Его деятельность - пример конвертации научной идеи в модный товар помимо воли конвертирующего. Так, к середине 1960-х годов семиология окончательно вышла в тираж и перестала существовать для Барта как проект. Как результат она работала на него до самой смерти, но объектом страсти, тем более - источником удовольствия, больше не была никогда. Задержка с публикацией "Системы моды", написанной в 1963 году, а вышедшей в 1967, оказывается вполне уместной: научная общественность к этому моменту уже знакома с "Основами семиологии" (1965), где Барт растолковывает суть своего подхода. Для него наука о знаках неизбежно имеет дело с языком, в связи с чем объявляется частью лингвистики и лишается своего специфического предмета, как бы демистифицирует себя2. Больше на этой территории делать нечего. Торжество самодостаточного сциентизма в "Системе моды" выглядит как реализованная утопия "исчерпывающей формализации", о которой Барт говорит в узловой работе 1967 года "От науки к литературе". Здесь же он формулирует и ту альтернативу, которой намерен придерживаться: "сделаться полностью единосущным своему объекту посредством тотального письма"3.

Порог, за которым наука о знаках (как, впрочем, и наука вообще) обернулась для Барта литературой, был перейден в книге "Империя знаков" 1970 года.

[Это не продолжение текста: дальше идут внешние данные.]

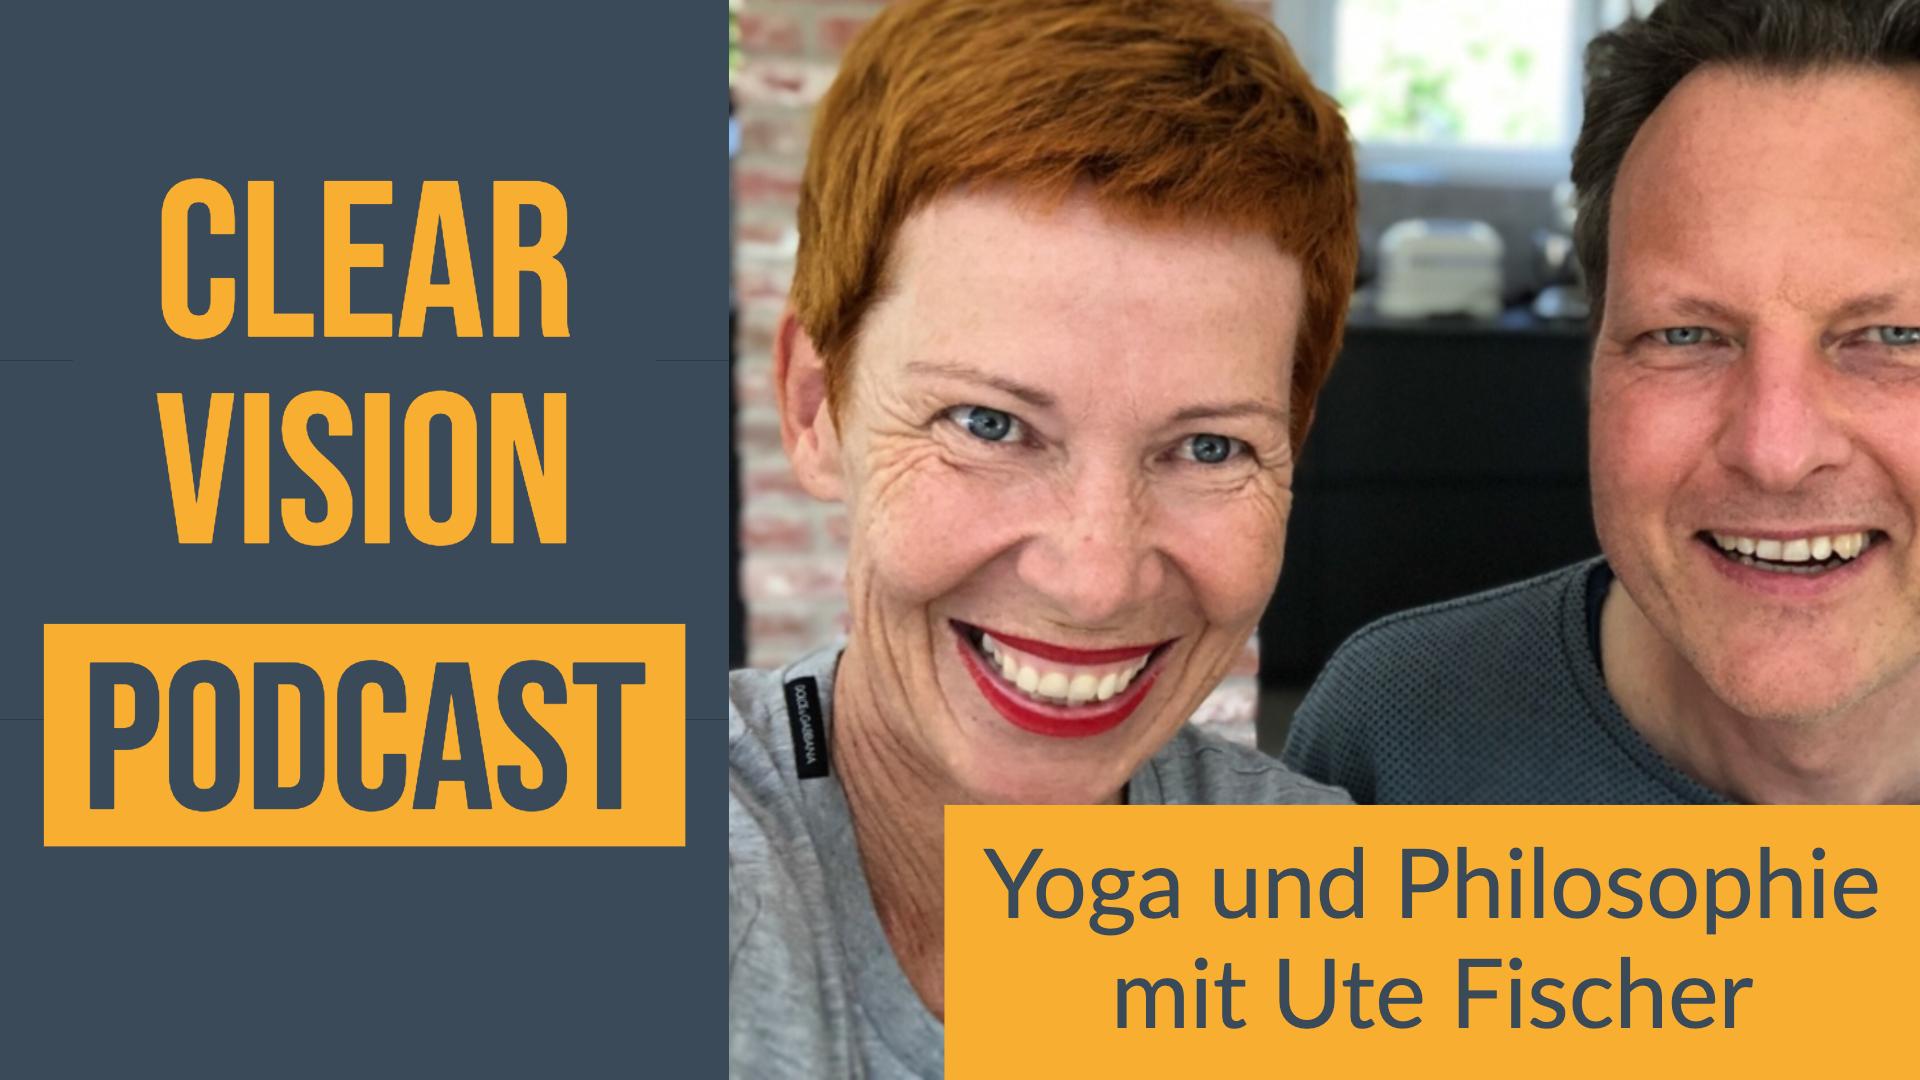 Titel Clearvision Podcast Interview mit Ute Fischer
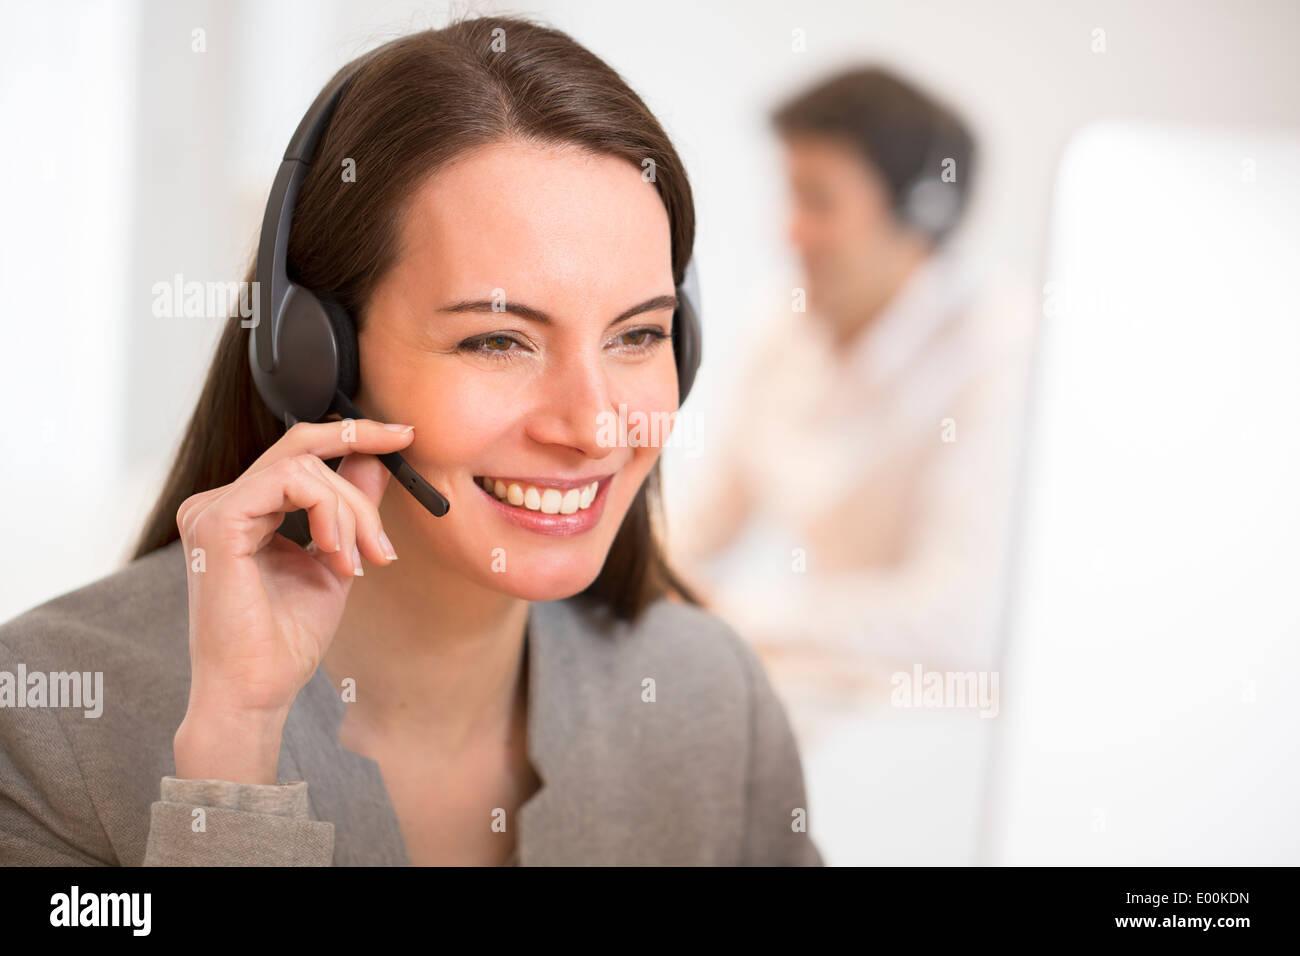 smiling Female pretty desk headphone portrait - Stock Image

Прощание с семиотикой приняло здесь форму путевых впечатлений - форму фактически беспроигрышную ввиду мнимой естественности мотивировки, единства персонажа и повествователя, наконец, отсутствия внешних ограничений, кроме переживаемых событий. Путешественник - это герой par excellence, пассионарий и разведчик, чьи повадки сформировались в эпоху великих географических открытий. Беспокойство, которое испытывает путешественник, вызвано предчувствием невозможного, поэтому многие лечат путешествием прошлое и призывают будущее, отмечают перемену участи. Приглашение выступить с лекциями в Японии оказалось для Барта в этом смысле настоящей удачей, ведь в глазах европейца именно эта страна воплощает Другое, столкновение с которым требует самоотречения.

Барт видит в своей поездке оказию проиллюстрировать идеальную систему, создаваемую "от противного" в сознании европейца как следствие полярности его мышления. Иначе говоря, каждый помышляет себе какую-то Японию в качестве предельной конструкции. Реальная же Япония заставляет специалиста по знакам в переживать невозможное: если европейская действительность шире описывающей ее концепции, то японская действительность реализует абстракцию еще более высокого уровня, чем та, что была сконструирована как заведомо недостижимая. При этом решительно нельзя соотнести с этой высочайшей абстракцией отсутствие какого бы то ни было смысла вне конкретных элементов, из которых эта абстракция слагается. Вещи в Японии не подвергнуты репрессии целостности (рассыпчатый рис, движения марионетки, отсутствие адресов) и создают впечатление заготовок. Иное понимание функциональности не требует от них передачи смысла. Означающие доминируют в этой культуре не потому, что этого хочет эксцентричный интеллектуал вроде Барта, а потому, что они суть достаточные средства познания меры. Структура знака, доступная пониманию европейца, здесь рассыпается в прах, поскольку лишается функции замещения. Японский знак работает не как носитель смысла, а как изящное, но непреодолимое препятствие.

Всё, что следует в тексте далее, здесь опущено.